If list x and list y:

x = [10,20,30] y = [1,2,3,15,22,27] 

I would like the return value to be a dictionary that has a number of elements that is less than the value of x:

 { 10:3, 20:1, 30:2, } 

I have a very large list, so I was hoping there was a better way to do this, which does not require a slow nested loop. I looked at the collections. Counter and itertools, and none of them offer a way to group.

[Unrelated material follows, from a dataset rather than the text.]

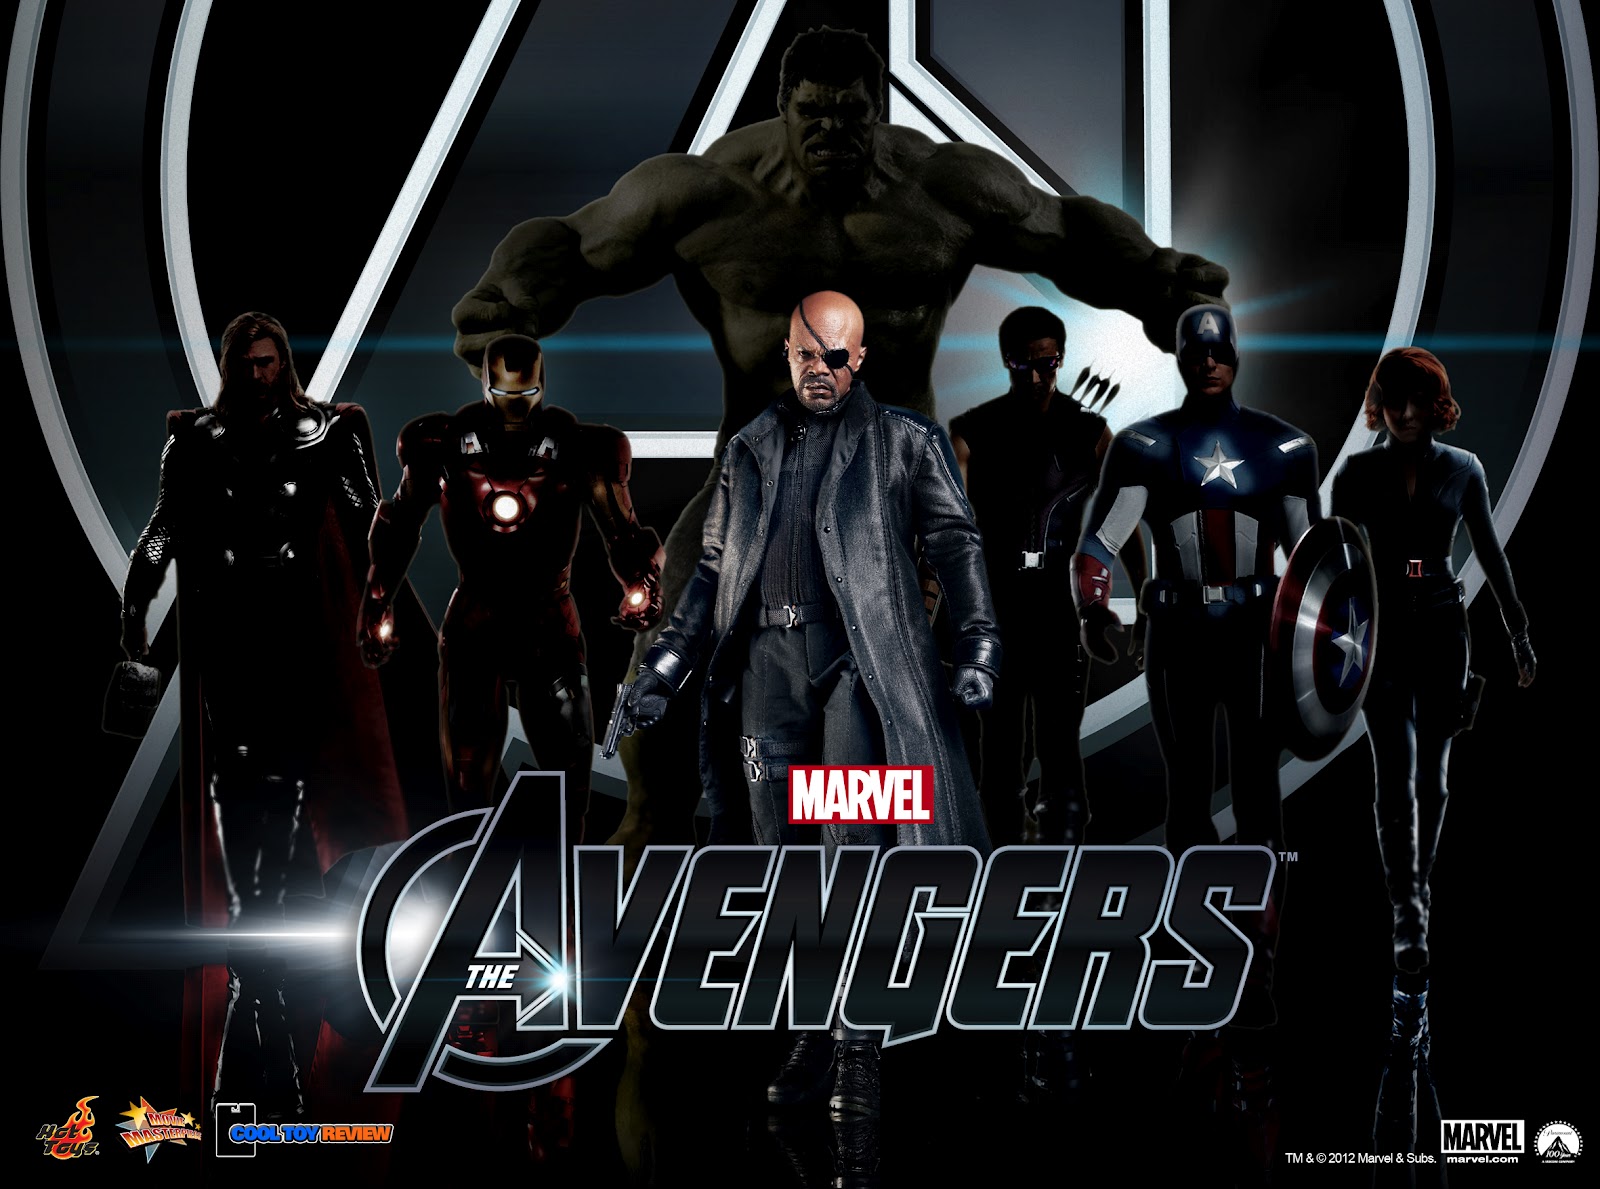 http://3.bp.blogspot.com/-ebbcG5Az0UA/T0PTCMpqXkI/AAAAAAAAB5I/IpUQfxfZe_0/s1600/Hot_Toys_Avengers_Teaser.jpg

Is there a built-in module that can do this?

+4
source share
4 answers

You can use the bisect module and collections.Counter :

 >>> import bisect >>> from collections import Counter >>> Counter(x[bisect.bisect_left(x, item)] for item in y) Counter({10: 3, 30: 2, 20: 1}) 
+8
source

If you want to use numpy, basically you are asking for a histogram:

 x = [10,20,30] y = [1,2,3,15,22,27] np.histogram(y,bins=[0]+x) #(array([3, 1, 2]), array([ 0, 10, 20, 30])) 

To do this dict:

 b = np.histogram(y,bins=[0]+x)[0] d = { k:v for k,v in zip(x, b)} 

For short lists this is not worth it, but if your lists are long, it could be:

 In [292]: y = np.random.randint(0, 30, 1000) In [293]: %%timeit .....: b = np.histogram(y, bins=[0]+x)[0] .....: d = { k:v for k,v in zip(x, b)} .....: 1000 loops, best of 3: 185 Β΅s per loop In [294]: y = list(y) In [295]: timeit Counter(x[bisect.bisect_left(x, item)] for item in y) 100 loops, best of 3: 3.84 ms per loop In [311]: timeit dict(zip(x, [[n_y for n_y in y if n_y < n_x] for n_x in x])) 100 loops, best of 3: 3.75 ms per loop 
+4
source

Short answer:

 dict(zip(x, [[n_y for n_y in y if n_y < n_x] for n_x in x])) 

Long answer

First we need to iterate over y to check which element is smaller than something. If we do it in 10, we get the following:

 >>> [n_y for n_y in y if n_y < 10] [1, 2, 3] 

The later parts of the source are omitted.